Nasturtiumsという花も、絵もわからなかったので、調べたら、赤を基調とした
絵ですね。Inatimyさん、記事で、目玉は苦手、と書いてらしたから、お好き
なのは、きっと、お花ね、と思ってました。でも、これは、かなりデザインっぽい
お花で、ユニークですね。

▲てんちゃん、とってもきれいな青ですね。印象に残りますね。
初めはモノトーンだったけど、色を使うようになった後年は、青と赤が多いです。
すみません、最初の絵は、タイトルを書いてなかったので、付け加えました。
「金色の細胞」っていうタイトルです。
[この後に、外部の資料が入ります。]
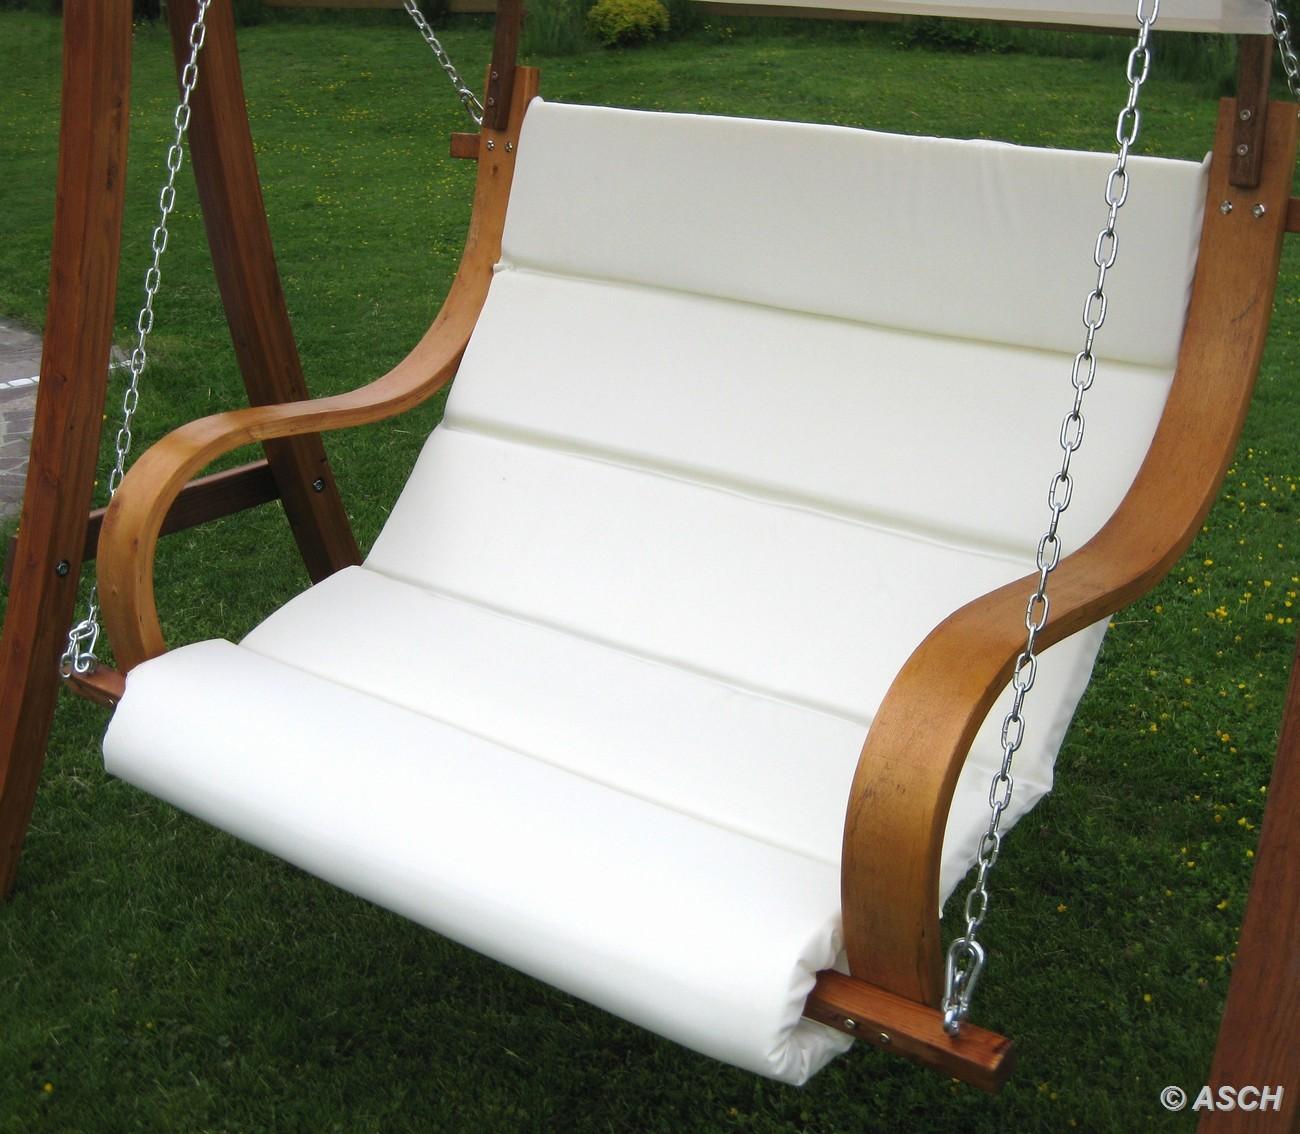 design sitzbank f r hollywoodschaukel seat meru aus holz l rche inkl dach ohne gestell. Black Bedroom Furniture Sets. Home Design Ideas

王子っていうのは、ルドンのことなの。
by TaekoLovesParis (2011-05-18 00:29) 

末尾ルコ(アルベール)

いつ見ても素晴らしいですね。
大好きな画家の一人です。

                 RUKO
by 末尾ルコ(アルベール) (2011-05-19 17:17) 

TaekoLovesParis

RUKOさん、ルドンは独特の静かな魅力を持っていますね。
今回は、ルドンの色の美しさに浸れる展覧会でした。
by TaekoLovesParis (2011-05-20 23:00) 

りゅう

ルドンって、なんとな~くドロンとしてますよね。。。(^_^;)
ギュスターヴ・モローやベルギー象徴派は大好きですが、
ルドンの世界にはまだまだ入っていけそうにありません。
ん~、やっぱり象徴主義って難しいです。。。(>_<)
by りゅう (2011-05-21 23:33) 

バニラ

次回の日曜美術館が、たしかルドンですね。
予習が出来ました♪
by バニラ (2011-05-22 21:07) 

TaekoLovesParis

バニラさん、そうなんですか。今朝の「安宅コレクション」は見てたんだけど、
来週の予告の前にTV消しちゃったみたい。早く洗濯しないと天気が崩れる
と急いでたの。実際、3時過ぎから、結構、強い雨でした。
岐阜の美術館がたくさんルドン作品を持ってるって、きいてます。
日曜美術館は、出かけない限り、毎週見てるので、来週ね。
by TaekoLovesParis (2011-05-22 21:30) 

TaekoLovesParis

りゅうさん、ドロンって、それが漂ってるイメージなんだと思います。
モローの神話は、華麗に描かれてるけど、ルドンの神話は、私には仏教っぽい
瞑想の世界。絵のなかの人物、どれもが閉じた目にメッセージを感じます。
ルドン自身も描きながら、いろいろ考えていたのでは、、って思います。
象徴主義って、幅広いですよね。
by TaekoLovesParis (2011-05-22 21:50) 

coco030705

こんばんは。
ルドン展、すばらしいですね。あの幻想的な色彩に魅了されます。
ただし、クモはもっとも苦手な虫なので、私はこの絵は見れません。
ルドン展が関西でもあるようですが、この絵だけは素通りしようと思います。
by coco030705 (2011-05-28 21:24) 

TaekoLovesParis

cocoさん、こちらへのお返事遅くてすみません。
ルドン展、関西でもあるんですか。
今朝のNHK教育の「日曜美術館」は「ルドン」だったんですよ。ルドンの傑作10選に
クモもはいってました。それに水木しげるの「ゲゲゲの鬼太郎」の目玉おやじの
アイディアは、上に写真がある「..気球のような眼」だったんですって。
クモだけでなく、私も虫類は全部苦手です。